Exercise
The entire listing below is to be written out exactly, minus the pictures.

Data below

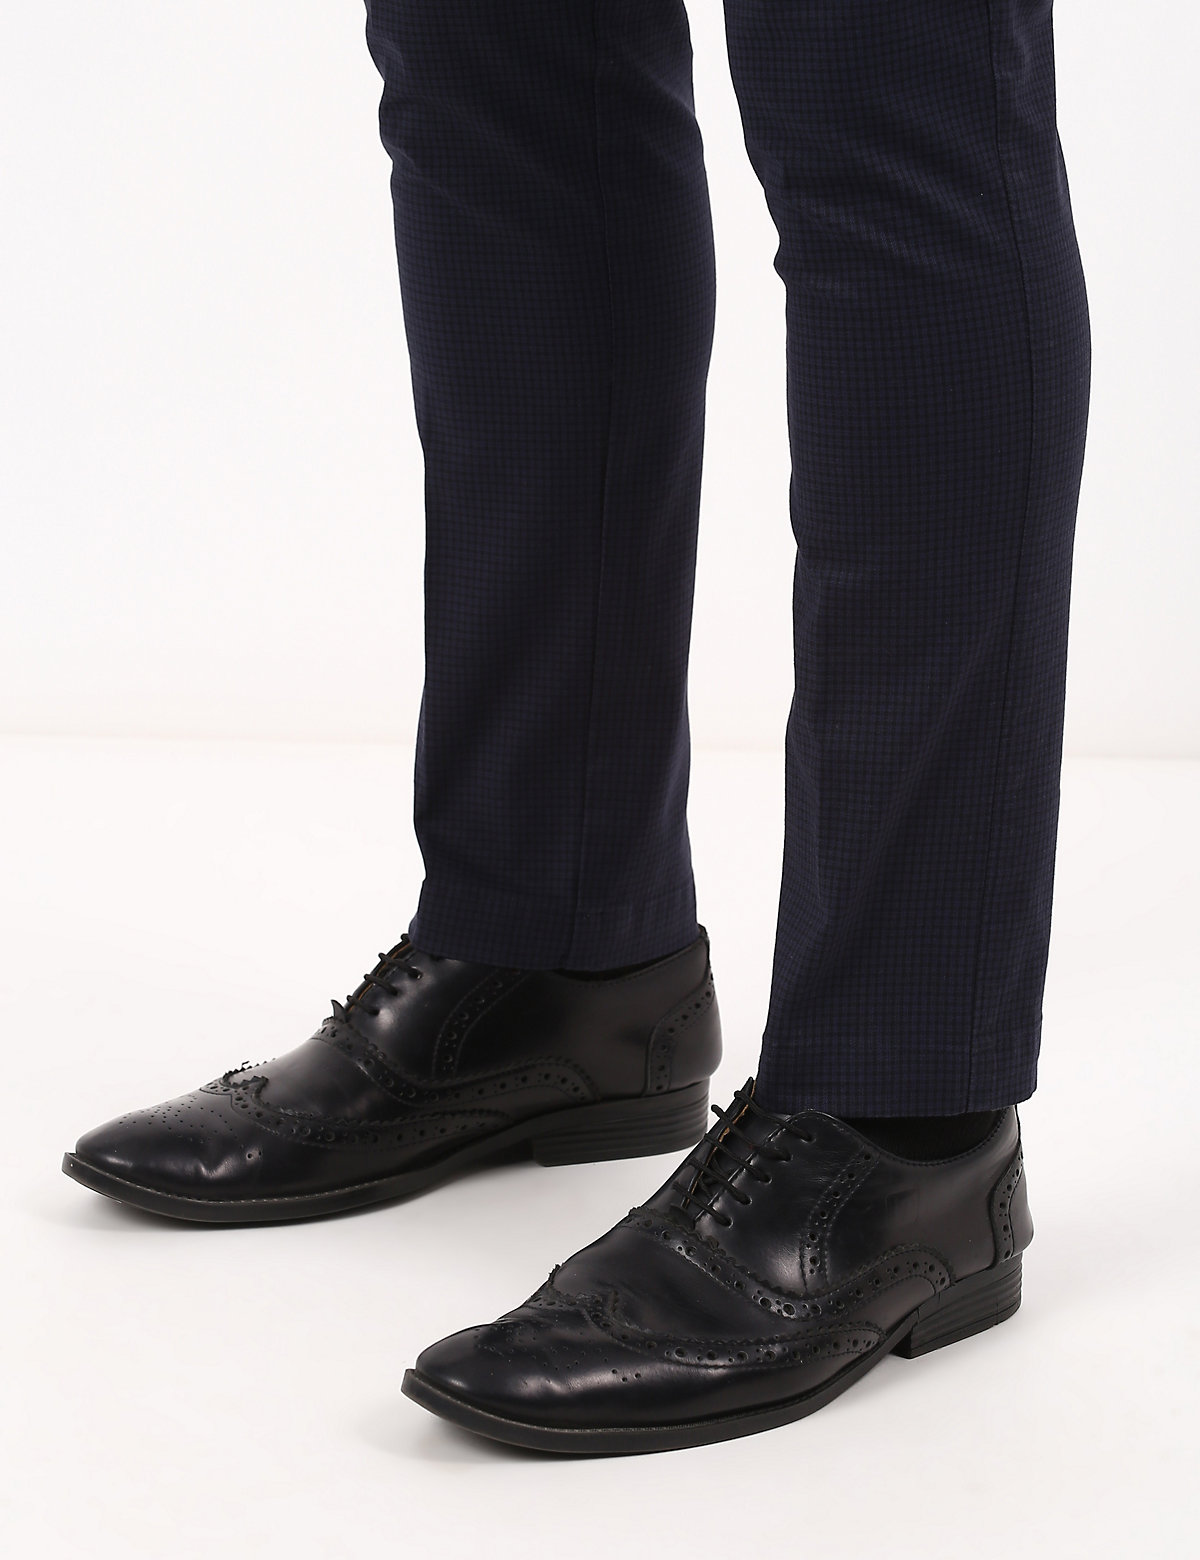 Slim Fit Limited Structure Chinos
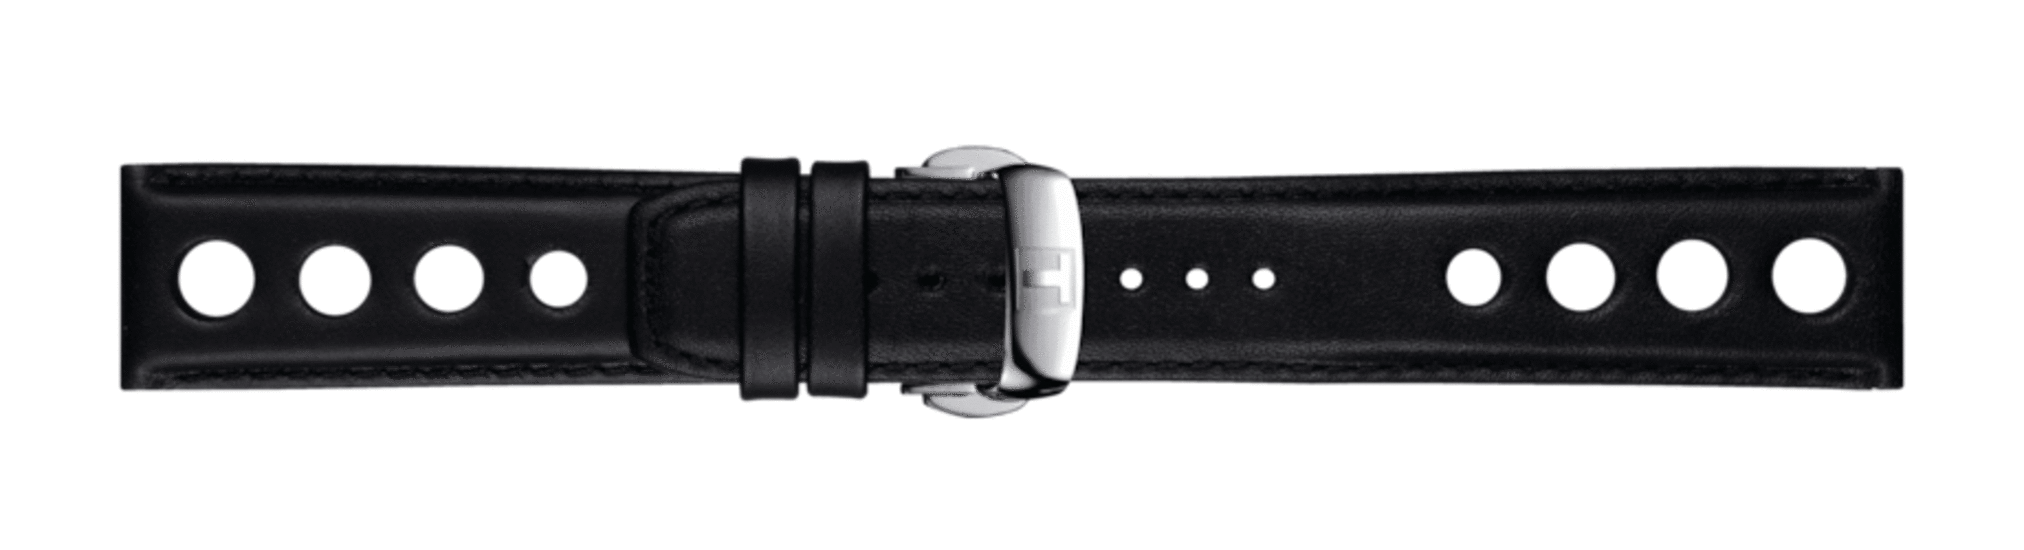 TISSOT OFFICIAL BLACK LEATHER STRAP LUGS 20 MM T852.037.163
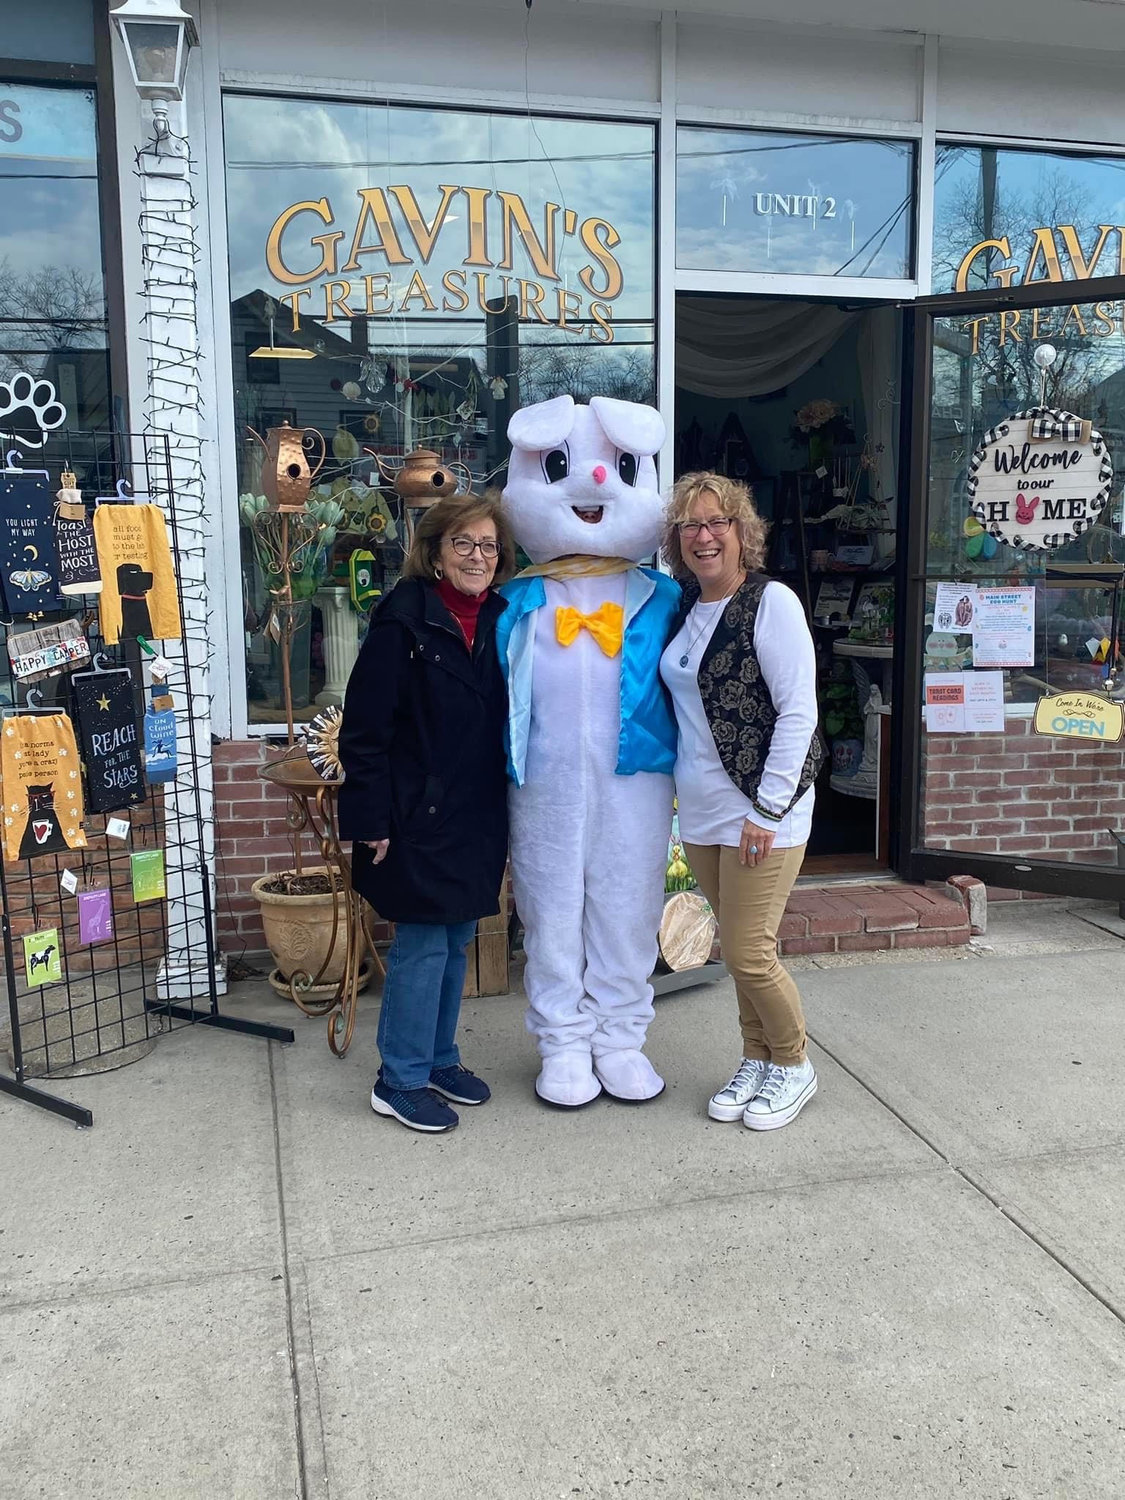 Several Main Street merchants participated
in the Easter egg hunt.

Your solution
 Slim Fit Limited Structure Chinos
 TISSOT OFFICIAL BLACK LEATHER STRAP LUGS 20 MM T852.037.163
 Several Main Street merchants participated
in the Easter egg hunt.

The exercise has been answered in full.